QUIVIS. I acknowledge these observations of yours are re-assuring. My friend here, when reporting your previous conversations, surprised me by your positive declarations of the truth of Christianity, and of its harmony with the inductions of sound philosophy, and ascertained history. We are accustomed now-a-days to a different order of speech. Men speak of God and of the Gospel, and of the human spirit, and of immortality falteringly, and with sceptical faintness, or inuendoes. All things are attributed, as far as language can be understood, to developments, to a blind series of contrivances, to insensible and unknowing forces.
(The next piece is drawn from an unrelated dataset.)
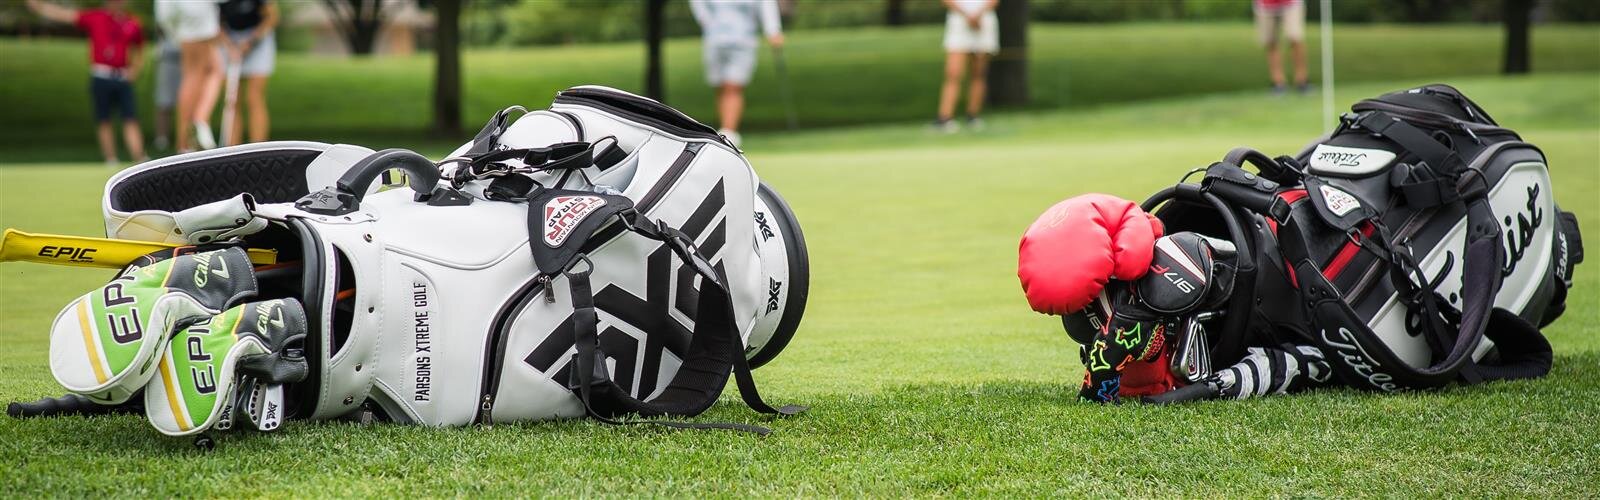 The 2019 Dow GLBI event welcomed 144 golfers and was supported by more than 800 volunteers.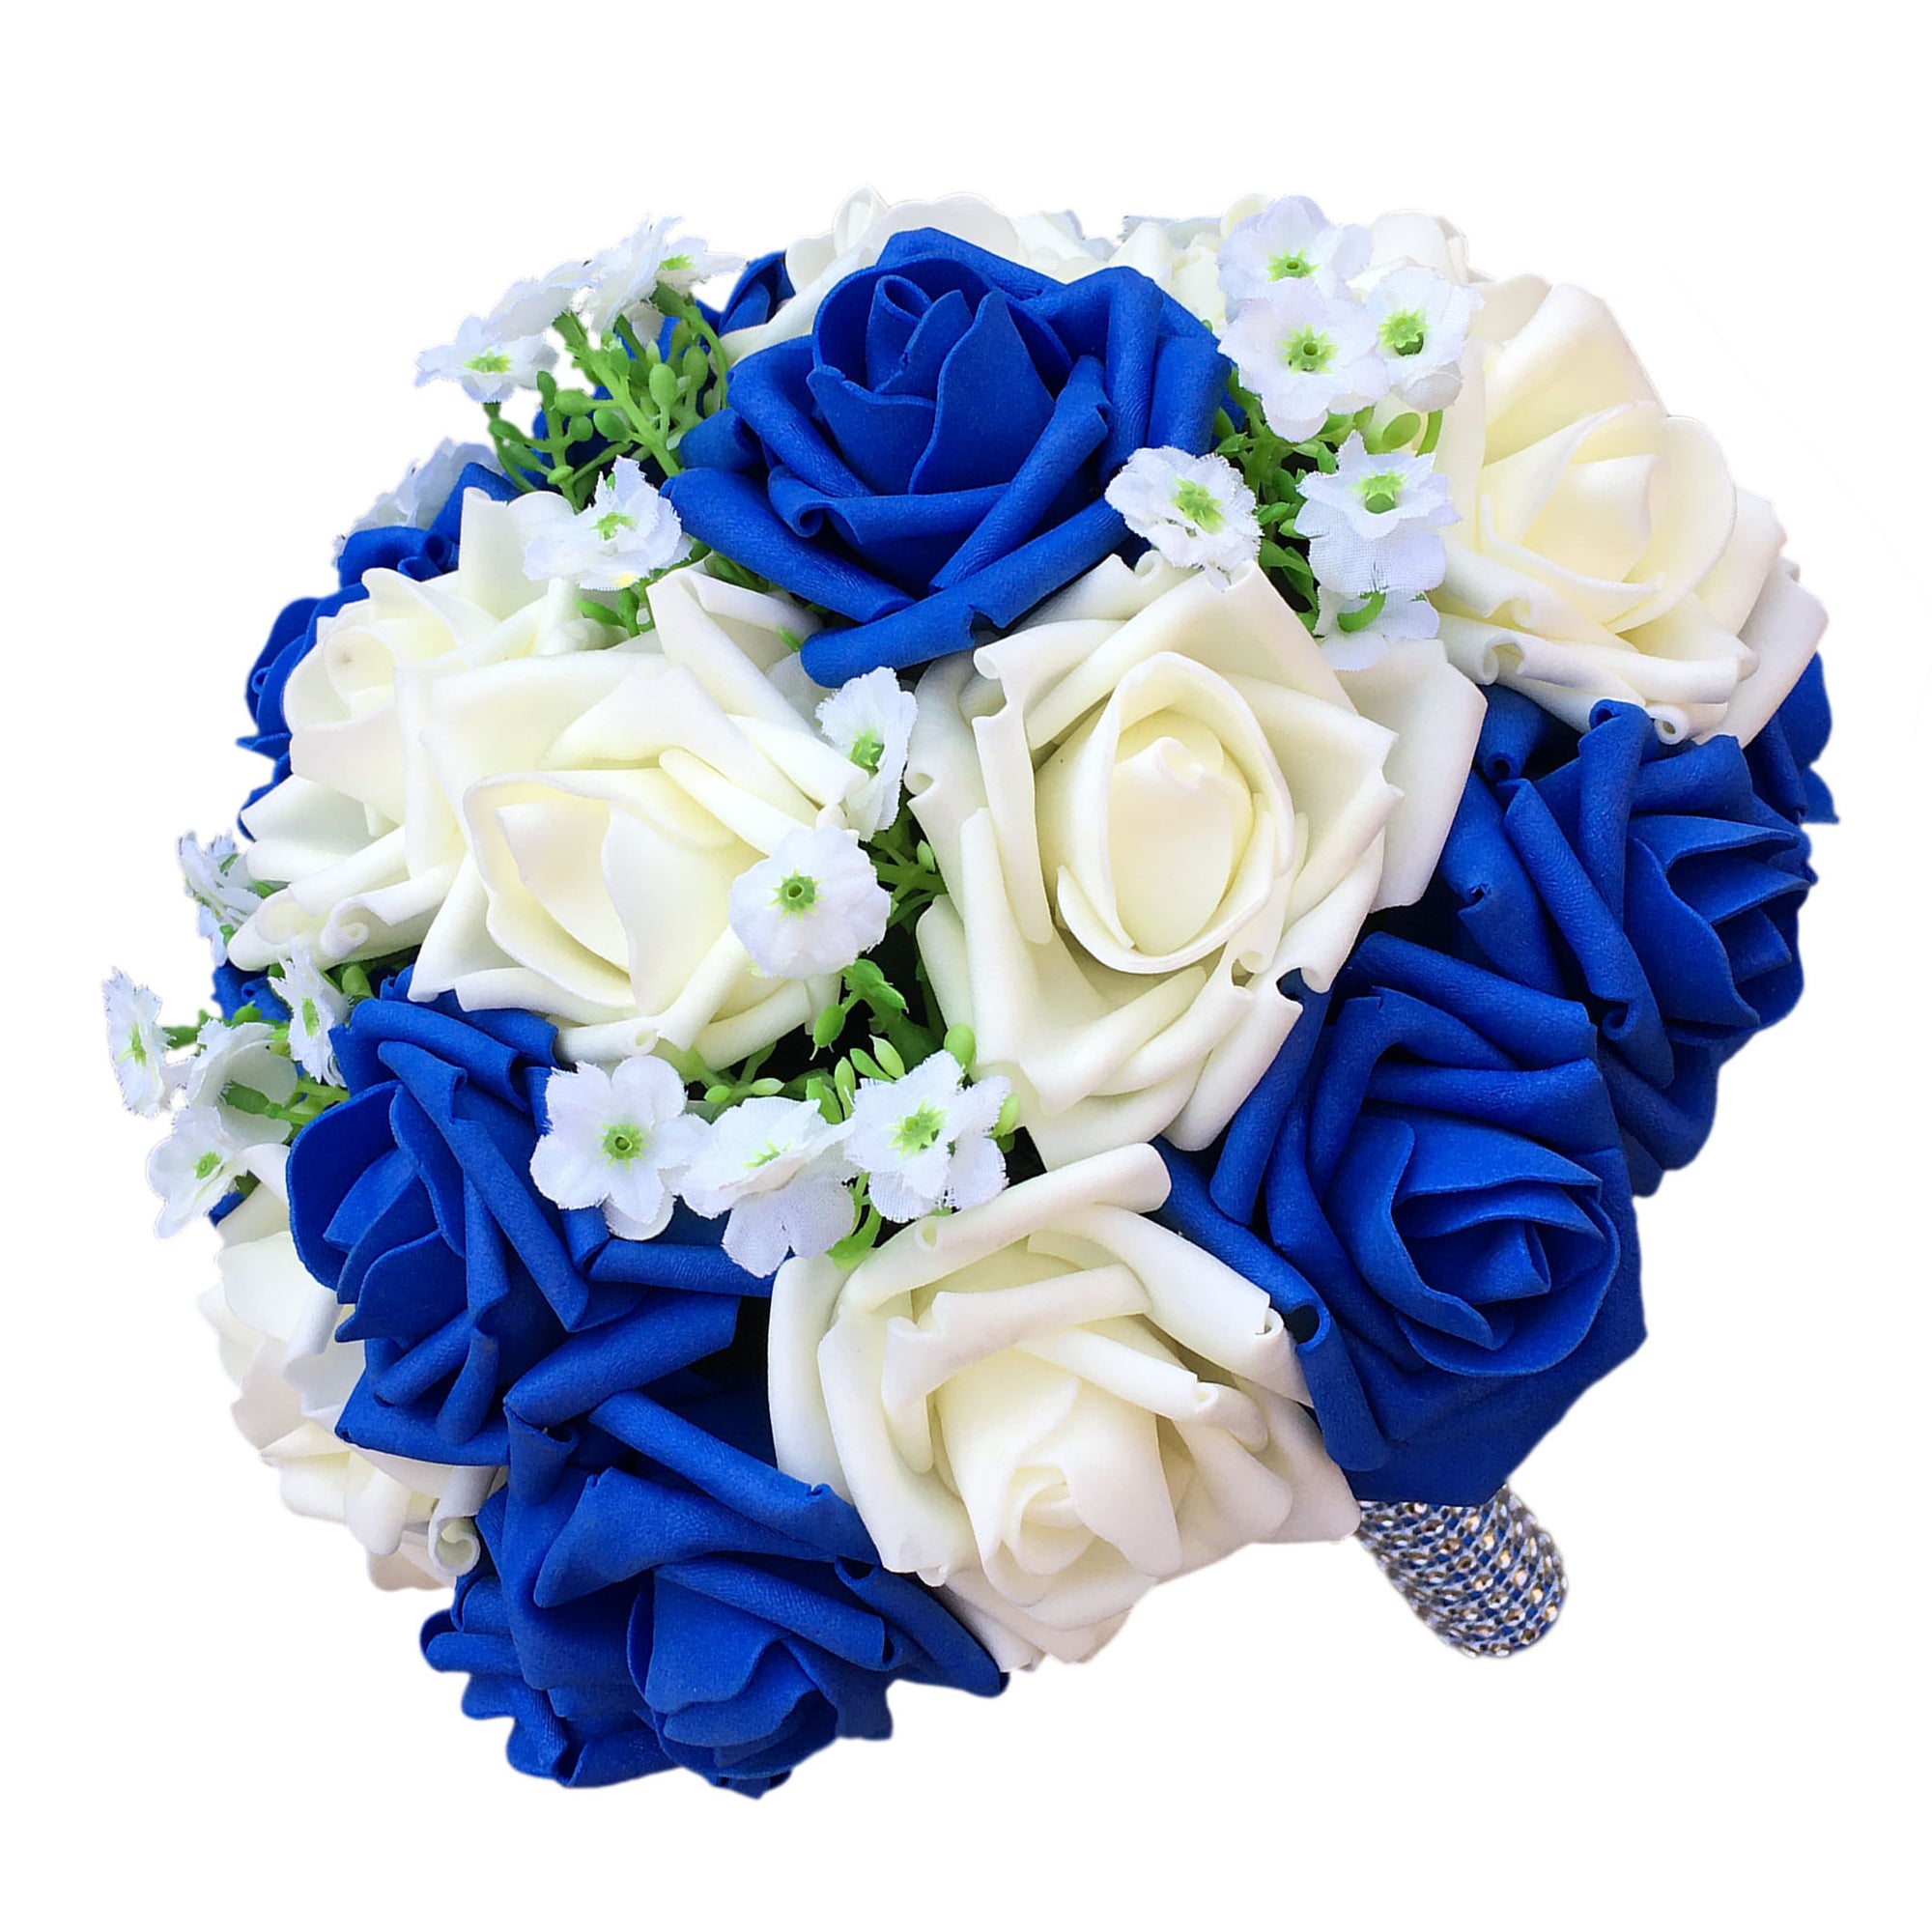 Artificial white ivory wedding flower bouquet Real Touch -  Portugal

Religion we are told "consists of love, complete submission to an exalted and mysterious superior, a strong sense of dependence, fear, reverence, gratitude, hope for the future, and perhaps other elements."* The Bible is referred to as a legendary book, "a petty sanctuary of borrowed beliefs." This fleeting and perplexed life is everything; vice and virtue are mere matters of convenience and taste; grief is to be assuaged by forgetfulness; and the grave becomes the melancholy refuge and tomb of being. Any reverent mention of God, or a warm recognition of His goodness, of dependence upon Him, or of man's moral responsibility to Him, is met either with expressions of contempt, or with a silence that betrays unbelief. And too much of this is found among salaried teachers and professors of the Christian religion. Judging from what I hear

Darwin's "Descent of Man." Vol. I., p. 63.